Question

what products will form from a given set of reactants?
pb(no₃)₂ (aq) + nai (aq) →
options:

• nano₃ (aq) + pbi₂ (s)
• nano₃ (aq) + pbi₂ (aq)
• nano₃ (s) + pbi₂ (s)
• nano₃ (s) + pbi₂ (aq)

Explanation:

This is a double - displacement reaction. The reactants are $\ce{Pb(NO_{3})_{2}(aq)}$ and $\ce{NaI(aq)}$. In a double - displacement reaction, the cations and anions of the two compounds exchange places. The general form is $AB + CD=AD + CB$. Here, $\ce{Pb^{2+}}$ from $\ce{Pb(NO_{3})_{2}}$ will combine with $\ce{I^{-}}$ from $\ce{NaI}$, and $\ce{Na^{+}}$ from $\ce{NaI}$ will combine with $\ce{NO_{3}^{-}}$ from $\ce{Pb(NO_{3})_{2}}$.

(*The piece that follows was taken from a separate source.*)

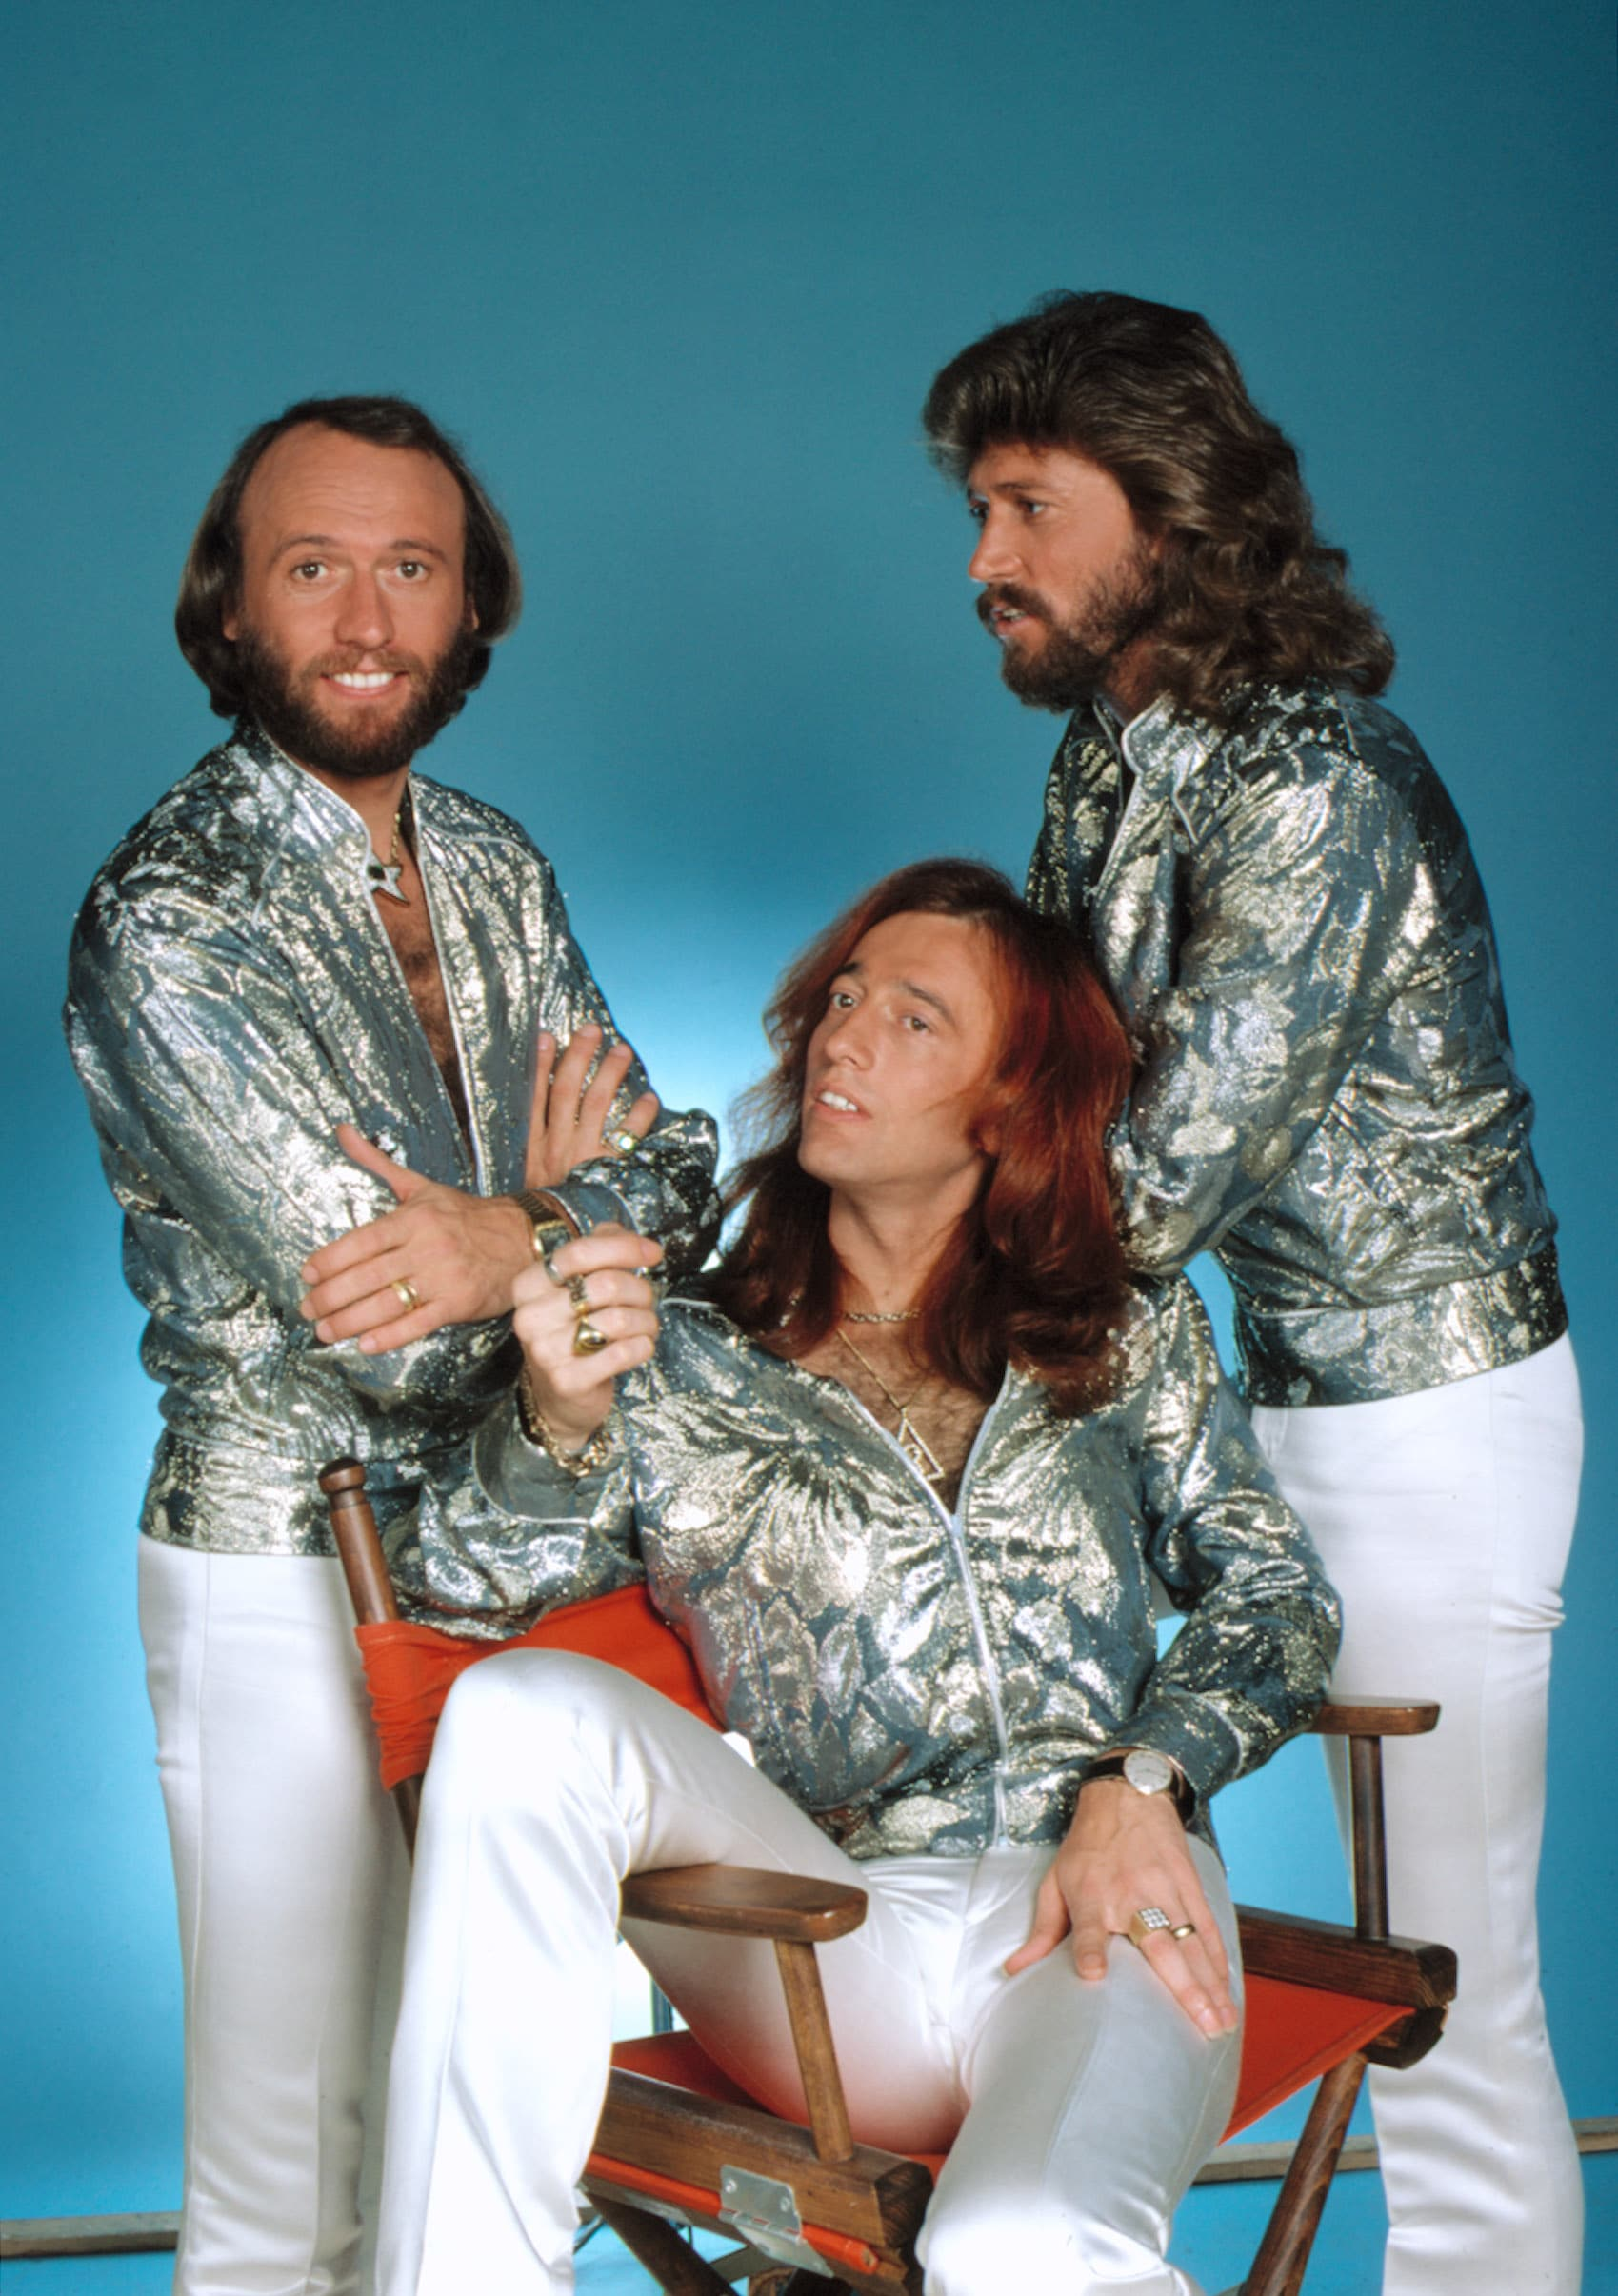 BEE GEES, (Maurice, Robin & Barry Gibb), circa 1978

The reaction equation is $\ce{Pb(NO_{3})_{2}(aq) + 2NaI(aq)=2NaNO_{3}(aq) + PbI_{2}(s)}$. We know that lead(II) iodide ($\ce{PbI_{2}}$) is insoluble in water, so it will be a solid ($\ce{(s)}$), and sodium nitrate ($\ce{NaNO_{3}}$) is soluble in water, so it will be in the aqueous state ($\ce{(aq)}$). Looking at the options, the correct one should have $\ce{NaNO_{3}(aq) + PbI_{2}(s)}$.

Answer:

$\boldsymbol{\ce{NaNO_{3}(aq) + PbI_{2}(s)}}$ (assuming the first option has a typo and should be this, or if the first option is $\ce{NaNO_{3}(aq) + PbI_{2}(s)}$ then that is the answer)